In his first book titled "Stress Test," Geithner constructs a persuasive case for his role as the man most responsible for the TARP (Federal Bailouts) of 2008. Financial bailouts historically were only made available to the commercial banks and not extended to the Wall Street Investment houses, Geithner was the first Treasury Secretary to have made this possible.

Geithner makes the case for TARP in saving the Financial Institutions. He extends the argument to the value of Financial Institutions gaining enormity when the country in question is the United States of America (USA), the largest economy on the planet. The importance of the Financial Institutions grows and reaches epic global proportions when the same nation is facing a crisis, which finds its origins in the core of the same Financial Institutions. The TARP, which then amounted to approximately 700 Billion dollars (and have now reached ~ 8 trillion dollars: all funded by taxpayer money) was released to act as a safety net for the Financial Institutions who in turn are to protect the Tax Payer of the vicious cycle of recession, which if left uncontrolled would have led to Global Economic Depression).

Geithner makes two big admissions

1) He admits that he did not foresee the coming of the "Financial crisis" (especially showcased during a meeting held in March 2008 (the Bears Stearns rescue days), when he objected against the then Federal Governor Kevin Warsh's statement on the fact that financial institutions remained undercapitalized (i.e. the Institutions had too much leverage and hence had too much exposure to potential losses, which could lead to financial apocalypse).

2) His second admission is that he did not grasp the grimness of the troubles, while they were occurring and even after they had occurred. He cites that he was influenced by Citibank's Robert Rubin (who along with Larry Summers had recommended him for the position of President of the Federal Reserve Bank of New York, despite the fact that he was lacking the desired experience).

Geithner also takes jibes at and thrashes the "moral hazard fundamentalists" fellows who raise concerns that bailing out the financial institutions have encouraged even riskier behaviour. He says that the TARP and other rescue programs enacted in the crisis years were a success because the alternative(s), which no one can ever know would have been far worse.

There are some very good stories of his interactions with the heads of Wall Street banks, most notably with Citibank's Robert Rubin, Goldman Sachs Lloyd Blankfein and with important personalities of the likes of the Oracle of Omaha Mr. Warren Buffet, Ben Bernanke, the then Chairperson of the Federal Reserve, his predecessor Hank Paulson, then and current President Mr. Barack Obama and ex-President Mr. Bill Clinton.

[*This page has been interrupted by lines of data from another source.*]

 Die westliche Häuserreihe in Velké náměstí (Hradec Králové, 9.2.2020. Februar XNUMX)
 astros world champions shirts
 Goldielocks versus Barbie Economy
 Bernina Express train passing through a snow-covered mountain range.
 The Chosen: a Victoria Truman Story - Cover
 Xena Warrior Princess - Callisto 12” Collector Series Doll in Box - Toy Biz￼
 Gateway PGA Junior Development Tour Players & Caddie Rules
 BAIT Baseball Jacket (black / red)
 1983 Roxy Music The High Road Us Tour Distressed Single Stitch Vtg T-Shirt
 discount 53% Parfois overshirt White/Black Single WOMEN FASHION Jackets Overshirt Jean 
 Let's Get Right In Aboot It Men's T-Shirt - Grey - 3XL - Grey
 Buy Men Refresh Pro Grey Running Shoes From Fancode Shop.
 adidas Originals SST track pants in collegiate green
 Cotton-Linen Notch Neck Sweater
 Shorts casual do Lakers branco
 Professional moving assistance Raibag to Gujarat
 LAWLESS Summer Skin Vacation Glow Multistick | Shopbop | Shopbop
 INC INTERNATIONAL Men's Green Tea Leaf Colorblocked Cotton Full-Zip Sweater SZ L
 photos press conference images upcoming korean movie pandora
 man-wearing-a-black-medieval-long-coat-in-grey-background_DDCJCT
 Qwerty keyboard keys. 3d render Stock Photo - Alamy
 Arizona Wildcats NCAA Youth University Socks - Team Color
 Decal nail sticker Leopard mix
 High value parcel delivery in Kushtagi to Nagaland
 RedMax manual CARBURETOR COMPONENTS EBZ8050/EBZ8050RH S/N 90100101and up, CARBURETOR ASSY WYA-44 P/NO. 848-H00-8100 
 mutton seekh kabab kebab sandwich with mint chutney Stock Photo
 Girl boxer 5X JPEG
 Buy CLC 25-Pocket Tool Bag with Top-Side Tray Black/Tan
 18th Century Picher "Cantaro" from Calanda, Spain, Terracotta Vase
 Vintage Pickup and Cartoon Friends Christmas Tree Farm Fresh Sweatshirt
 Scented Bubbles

Overall a very good read (I heard it on Audible at 1.5x :) ....Yes, audio is a good way (especially if you happen to make long commute). The audible version of the book "Stress Test" has been read by Timothy Geithner himself (and not by a professional) which, makes it even more interesting for me for some true emotion surface up. Audible offers the ability to vary the read speed, which is useful for 1.0x is usually read relatively slowly and hence one may find 1.5x or 2x to be more compatible (for the brain to absorb without exertion, and consume more information in lesser time).